Bibliography caching for Jekyll-Scholar 20 May 2020

The bibliography on my About page is generated automatically. Because I already administer a bibliography in a dedicated software, an automatic extraction of the relevant entries to generate the webpage’s bibliography ensures a unified style and a minimal updating effort.

Since a long time, I use Jekyll to produce a static webpage. Naturally, the Jekyll-Scholar plugin lends itself to generate a bibliography page. However, using it can lead to very long webpage regeneration times. Here, I provide a new fragment caching plugin, which offers a significant speed gain.

The usual bibliography source for Jekyll-Scholar is a dedicated BibTeX file, of which each entry is rendered on the bibliography page. However, I prefer to avoid the usual process of manually entering the bibliography in a BibTeX file. Instead, I reference a BibTeX file that contains my whole personal library of papers and is generated from Zotero. Using this collection, I instruct Jekyll-Scholar to filter the relevant entries with a pattern matching for the author name and the desired entry type.

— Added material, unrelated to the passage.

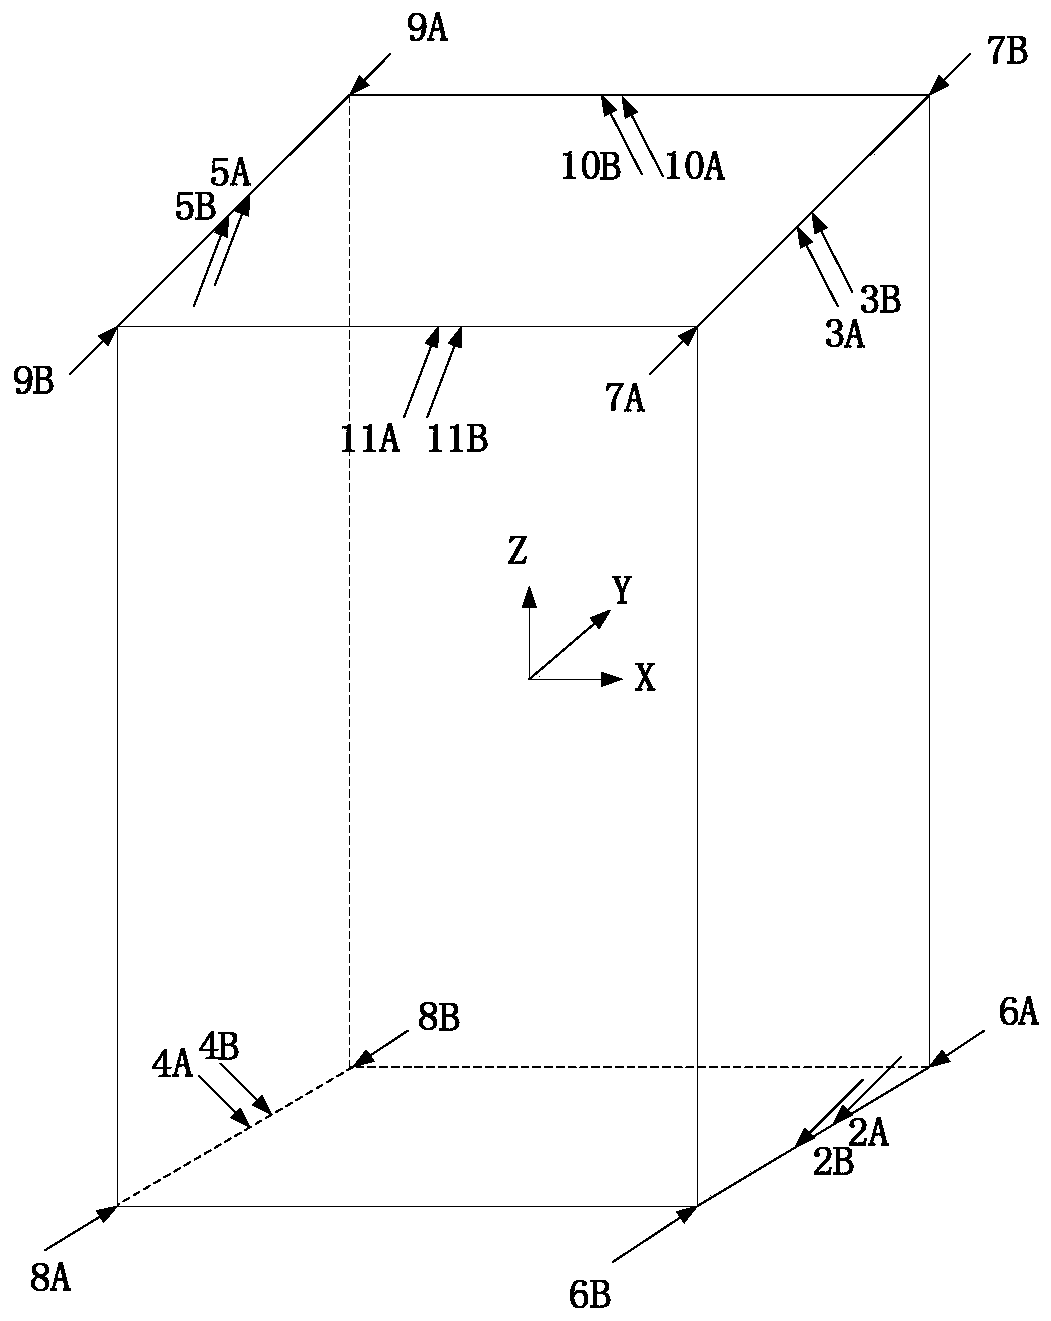 Thruster layout of aircraft and aircraft position protection method based on layout

For example, the following Liquid template tag inserts a bibliography of books where at least one of the authors bears my last name:
{% bibliography --query @book[author~=Sedding] %}

Loading a large BibTeX file, however, complicates the workflow at another point: Changing the webpage always triggers a regeneration of the bibliography page. In my case, using a 1.5MB BibTeX file to generate four bibliographies, each with a different entry type like book or article, takes about five seconds.

The long loading time is accentuated when using Jekyll’s “serve” mode to preview changes locally: in some way, each regeneration becomes slower, up to a point at which it is unbearably slow. After several edits, one needs to literally wait about 50 seconds until the webpage is regenerated.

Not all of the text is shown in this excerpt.